I decided the charade was over.  I called up a close friend of mine and I told her I was gay.  It was really hard, but she was super accepting. What did I have to lose anymore? For the first time, I was forced to deal with the demons I have been hiding my whole life.  Over the next few days I told more and more people.  It got easier every time.  Unfortunately, I lost a lot of my good friends because of it.

  No one would strictly tell me: "We can't be friends because you're gay" but I just knew things were changing and that they were trying to get away from me.  But as the famous line from Katy Perry's song "Firework" says: "After a hurricane, comes a rainbow."  I finally got the courage to tell my family. I'd have to say telling them was the hardest part, even though they all still treat me the same afterwards.  I've also gotten close with two of the most amazing people I've ever met and I'm proud to call them my best friends. After that, I was fearless.  I questioned my job, and unfortunately with all of the stereotypes for gay people I don't think it's the job for me.  I will always be a Tae Kwon Do competitor, but I don't think I can teach it.  I've decided to get back into some of my old hobbies like web design and writing.  It's been really great getting back to my creative side!
  I've always been a good teacher.  I'm just naturally gifted at helping people understand things and I really like to teach.  So I hope to combine my interests.  I want to help everyone find themselves and to love who they are. Anyone who knows me knows I am not money hungry.  I would rather live in a small apartment doing what I love than have a mansion with a job that I hate.  Money can go away in a heart beat, but your ideas, your brain, your heart, and your creativity are apart of you.
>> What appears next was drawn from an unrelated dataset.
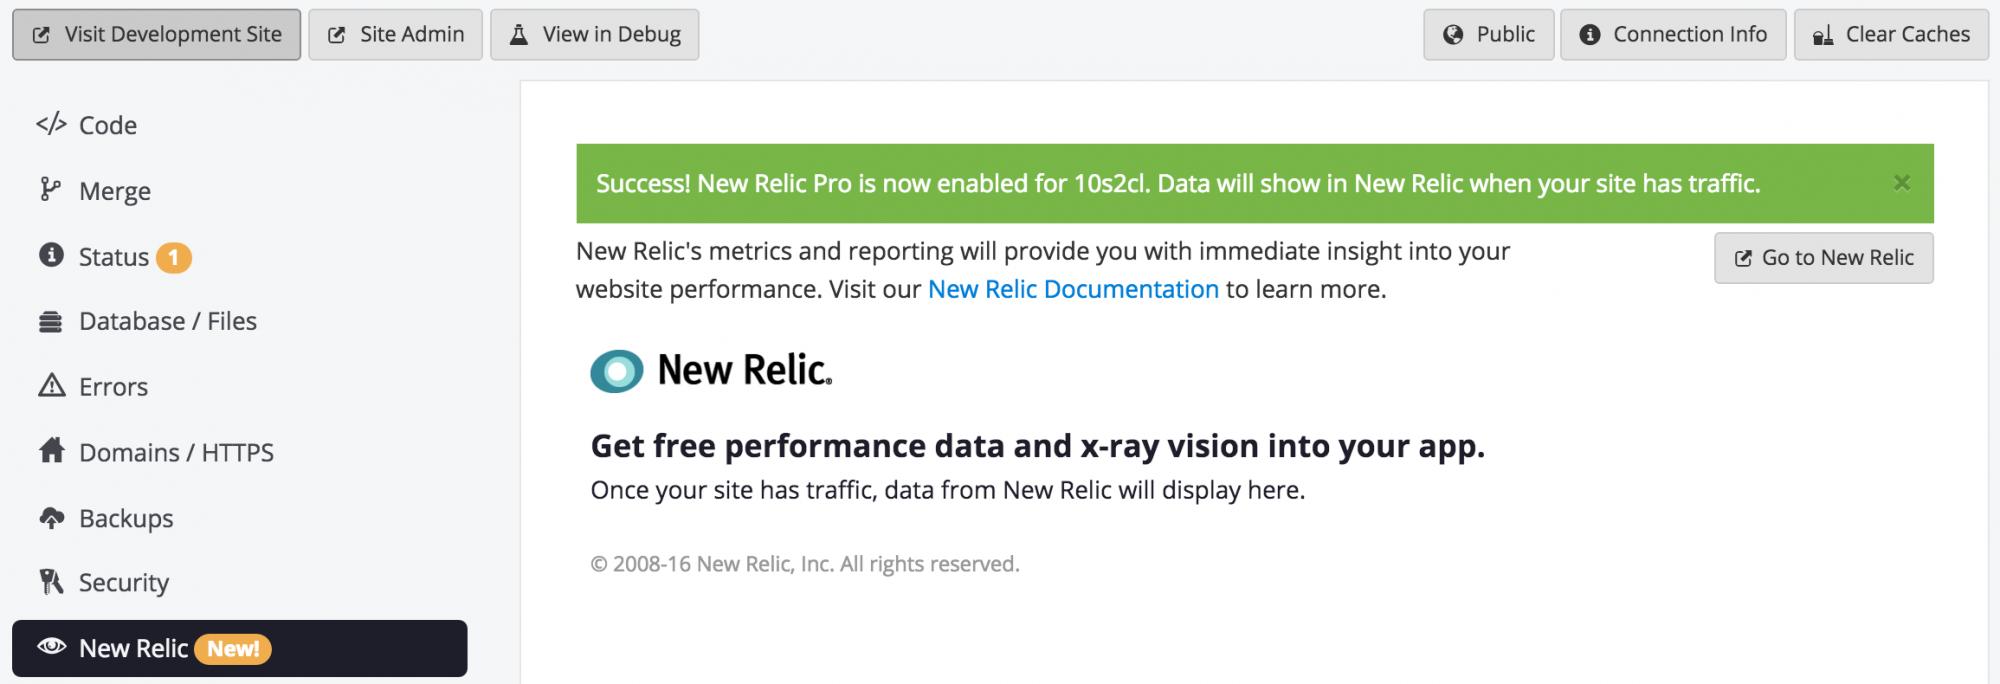 new relic inc

  Being yourself is always the answer! After all, if you lose everything because the whole world is crashing down on you, you always have yourself.  So make yourself great!   We were put on this planet to build off each other's ideas and create beautiful things no matter what our race, gender, sexuality, etc.  I think it's about time I give back to the world. I hope this will be a learning experience for me as well to help me become a more positive, healthy, and happy individual.  This will not be a blog where I talk and you read.  I want to build a community around the world and create a safe environment for people going through hard times.  We will be the next stage in human evolution.  We will base all of our principals on love and dedication. If I can just change one person's life with this blog, then I feel I have done my duty.

1 comment:

  1. You have changed mine! You are awesome, Donavan. I support whatever you do.